A coupla years ago I knocked rock writer Jonah Weiner  over a really terrible review of the godawful Blueprint 3, another scmuck bore. And I was write, but, really who wants to be judged on their worse writing? I have a review of Spoon at Radio City Music Hall that was so lousy I had to check the by-line and make sure it was me who had written that crap.

But Weiner followed it with an underwhelming Marc Ronson profile in Rolling Stone and I wondered again why this guy was such hot stuff and I wasn’t.

Well now I know why.

Earlier this year, Weiner wrote a terrific profile of Daft Punk, undoubtedly the best thing I’ve read about the duo it was part history, part tube hopper and it seemed to reflect so well on how it was done, how it was put together and where it would go to from here: what had happened and what should happen to EDM. Compared to Ryan Dombal’s lousy Pitchfork interview, it was Shakespeare.

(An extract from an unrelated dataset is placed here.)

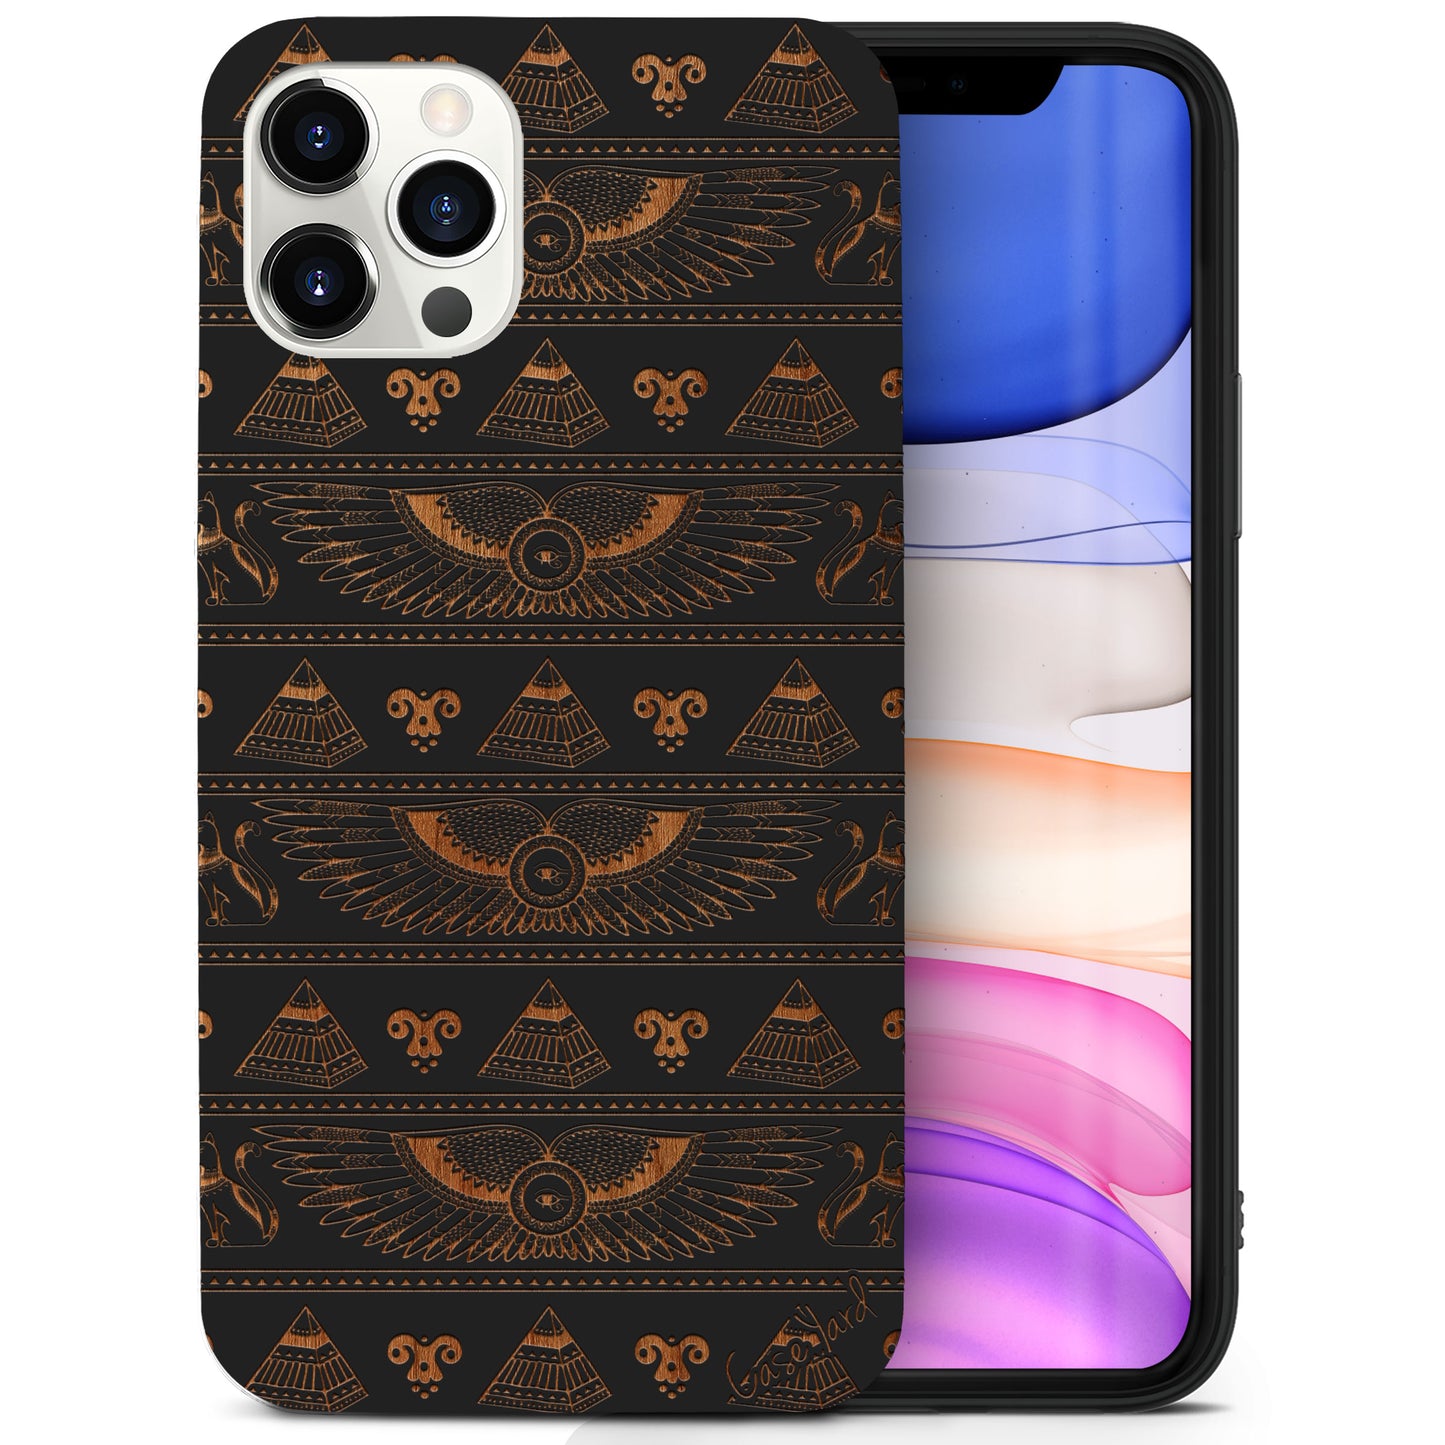 Wooden Cell Phone Case Cover, Laser Engraved case for iPhone & Samsung phone Pyramid Pattern Design

But the current issue of Rolling Stone was better. I can’t express my admiration for Weiner’s writing in the current Rolling Stone highly enough. The Lorde interview was good, nothing wrong with it, but the Paul McCartney interview was simply magical.  Near the beginning, he has McCartney discussing the photographer Peggy Sirota: “She was great, she was cool. I kept thinking ‘If this was in the Sixties, I’d try and be pulling her.’”  That was really insightful and humanizing and the article is filled with moments like that.

It isn’t for Jonah to judge McCartney but when he quotes McCartney as having “someone else in The room”, Lennon, who he bounces ideas off,  Weiner has it both ways.

This is refreshing and illuminating writing on a superstar we have read about countless times.